- Decades:: 2000s; 2010s; 2020s;
- See also:: Other events of 2020; Timeline of Vanuatuan history;

= 2020 in Vanuatu =

Events from 2020 in Vanuatu.

== Incumbents ==

- President: Tallis Obed Moses
- Prime Minister: Charlot Salwai (until 20 April) Bob Loughman (from 20 April)

== Events ==
Ongoing – COVID-19 pandemic in Oceania

=== March ===

- 22 March – The country's health authorities confirmed that tests for a resort worker with a suspected case of COVID-19 had returned negative.
- 26 March – President Tallis Obed Moses declared a state of emergency in the country after a tourist on a cruise ship visiting the island of Aneityum had tested positive for the virus.

=== April ===

- 3 April – As a preemptive measure and despite not having any cases, travel restrictions and quarantine measures were put in place for those entering the country.
- 25 April – The country announced that it would be scheduling their Women's Super League cricket final on Saturday and streaming it live on social media.

=== August ===

- 5 August – Former prime minister Charlot Salwai is referred to the Supreme Court to stand trial for alleged corruption. His lawyer says he is confident they will win the case.

=== September ===

- 10 September – It is announced that former Prime Minister Charlot Salwai is set to stand trial for November 23, charged with ten counts of bribery and corruption.
- 18 September – Opposition leader Ralph Regenvanu warns about the sale of honorary Vanuatuan citizenship to potential international criminals and people stripped of other nationalities for nefarious activities.
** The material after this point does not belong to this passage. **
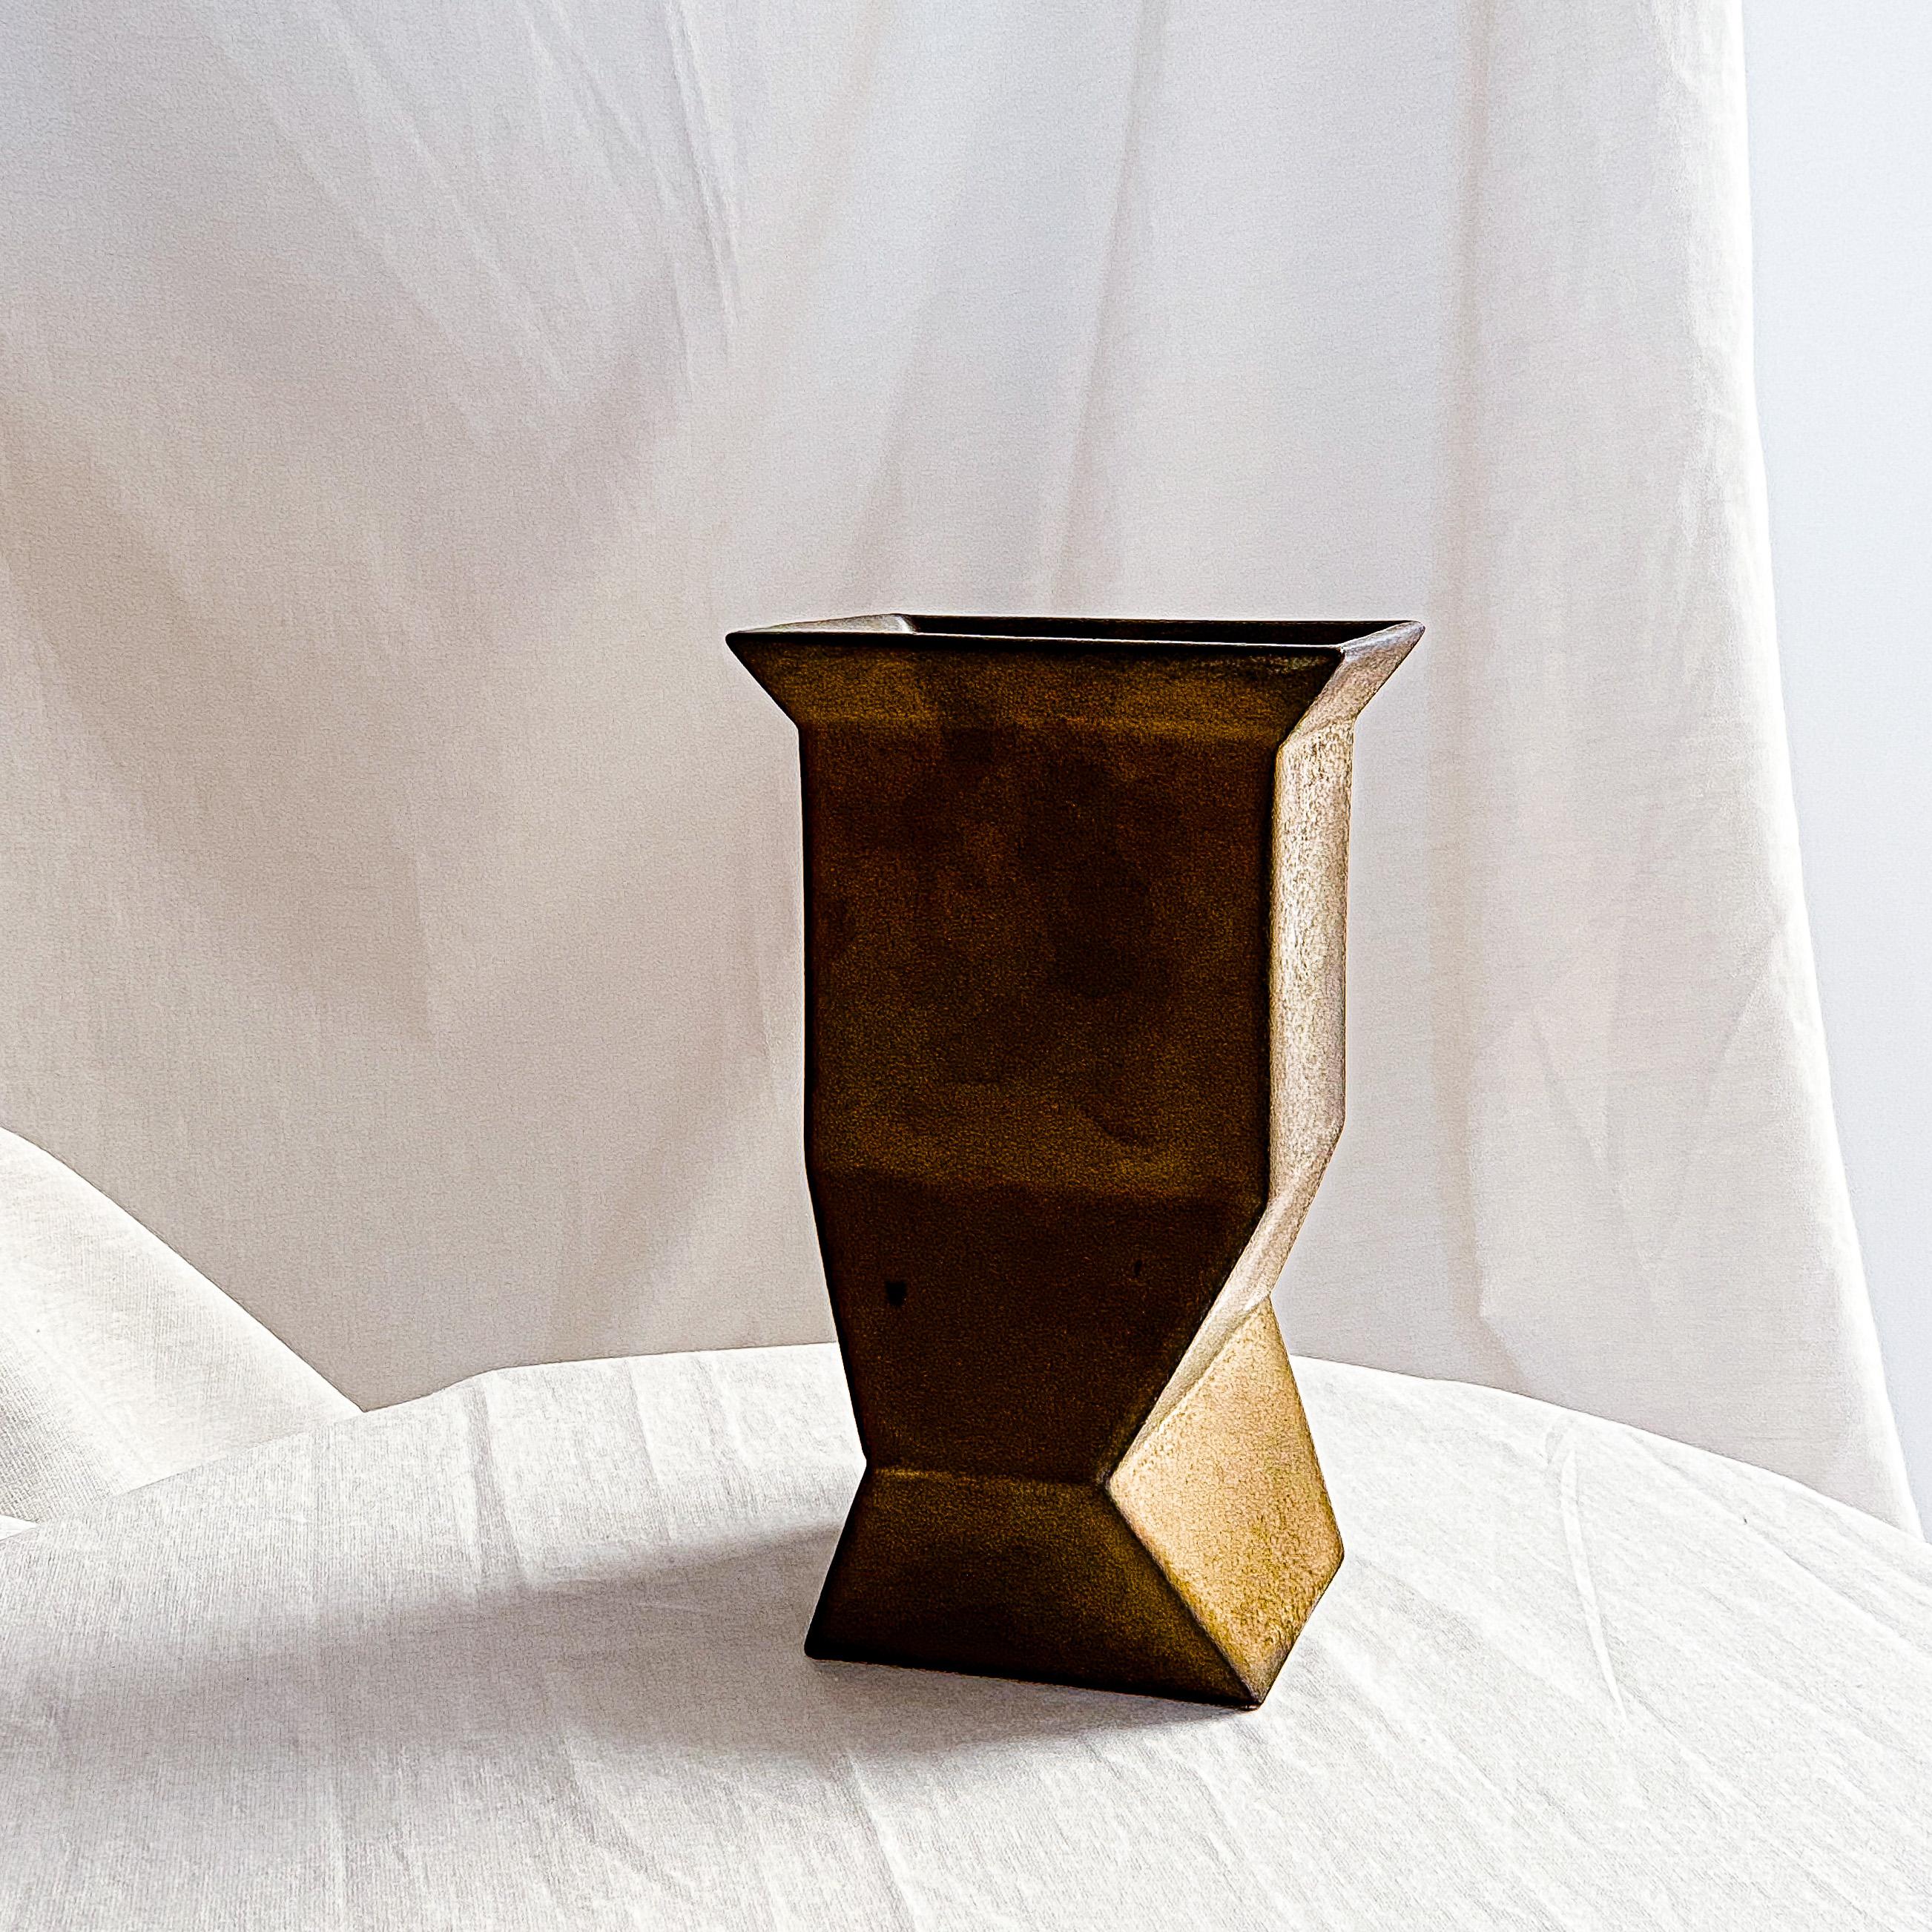 20th Century Dutch modernist constructivist vase by Jan van der Vaart For Sale

The government says it has stopped selling its citizenship but promises further investigation into the matter.

=== December ===

- 4 December – Vanuatu officially graduates from the United Nations official list of Least Developed Countries (LDC) becoming the sixth nation to ever do so. The UN Committee for Development Policy recommended for Vanuatu for graduation in 2012. In 2012, the Economic and Social Council and in 2013 the General Assembly approved the recommendation, however after Cyclone Pam, the country was granted an extension until 2020.